The Infadels - We Are Not The Infadels
(Thursday February 2, 2006 7:42 PM
)
Released on 30/01/06
Label: Wall of Sound
A hard band to pin down, The Infadels. When the grot-rock scene exploded in east London, they were in the thick of it, yet their shape-shifting electro-pop seemed completely out of step. They dressed in black, but their songs were relentlessly upbeat. One of them was a skinhead; another wore a bowler hat. Clearly they didn't want lazy hacks pigeonholing them. The awkward bastards.
Cool as it is that they try to be different, The Infadels' eclecticism has resulted in a somewhat messy debut album. From its title downwards, "We Are Not The Infadels" is an exercise in contrariness, veering wildly between propulsive tech-pop, Audio Bullys-style chav anthems and occasional bursts of '60s psych-rock. Yet amid this confusing maelstrom, there are a couple of moments to savour.
Let's face it: when a band opens their first album with a song called "Love Like Semtex", you're already offering them the comfortable chair and tea from your finest china. What's more, the song - amazingly - lives up to its title. Like White Rose Movement single "Alsation", it's sleek, robotic and thrilling, even if its influences are worn plainly on its Cyberdog sleeve. Yeah: "Love Like Semtex" is a slogan to lipstick on your arm and a song to cherish.
Sadly, clichés emerge as a problem the moment track two kicks in. Ask yourself this question: if you're an '80s-reviving electro group with a pronounced Depeche Mode influence, should you really be using titles like "Can't Get Enough"? It's an extraordinary lapse into pastiche and, coming so soon after "Love Like Semtex", it establishes the pattern of wild inconsistency that dominates this record.
See, if you wanted to present The Infadels as the worst band in the world, a couple of tracks on here could save you writing a speech: "Topboy", for example, pits a bewilderingly thuggish vocal against bland Europop backing to produce an ugly massacre; "Jagger '67" is as every inch as tired and retro as its title suggests; and the lull that precedes "Stories From The Bar" is as long and uncomfortable as a Ryan Adams.. Nearly.

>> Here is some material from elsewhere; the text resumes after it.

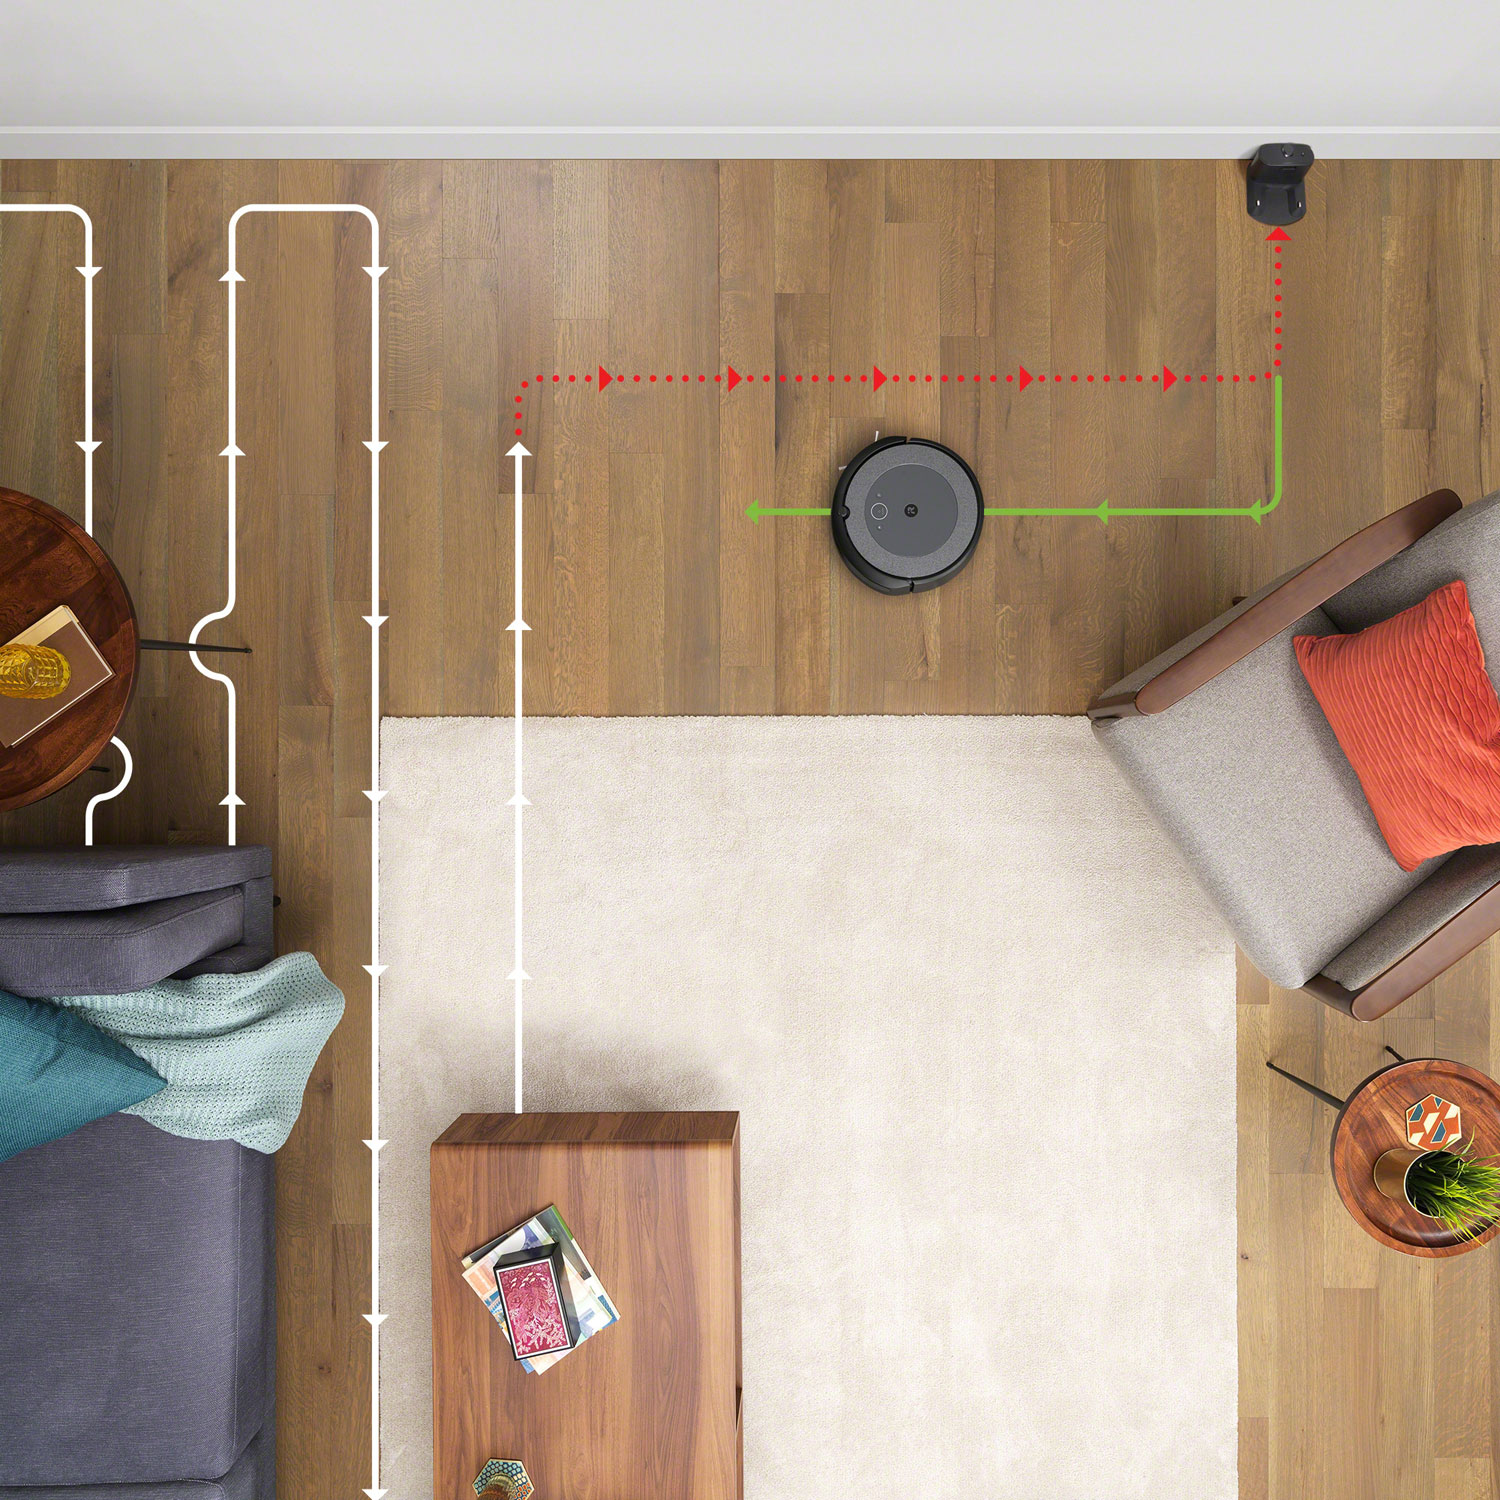 Robot vacuum mapping

However, in its context - and as the tune The Infadels go out on - "Stories From The Bar" damn near saves the day. Sure, it's got filler lyrics (about "sailing a canoe to where the wild things are"), but it's still an endearingly cheap and cheerful surge of trash-pop, and with The Infadels this is the best you can hope for. Another of this album's hottest tunes is called "Murder That Sound" and features a cheesy false ending. Starting to get the picture?
Prone to mediocrity they may be, but The Infadels have passion, ambition and some nasty keyboard sounds. It compensates, just about.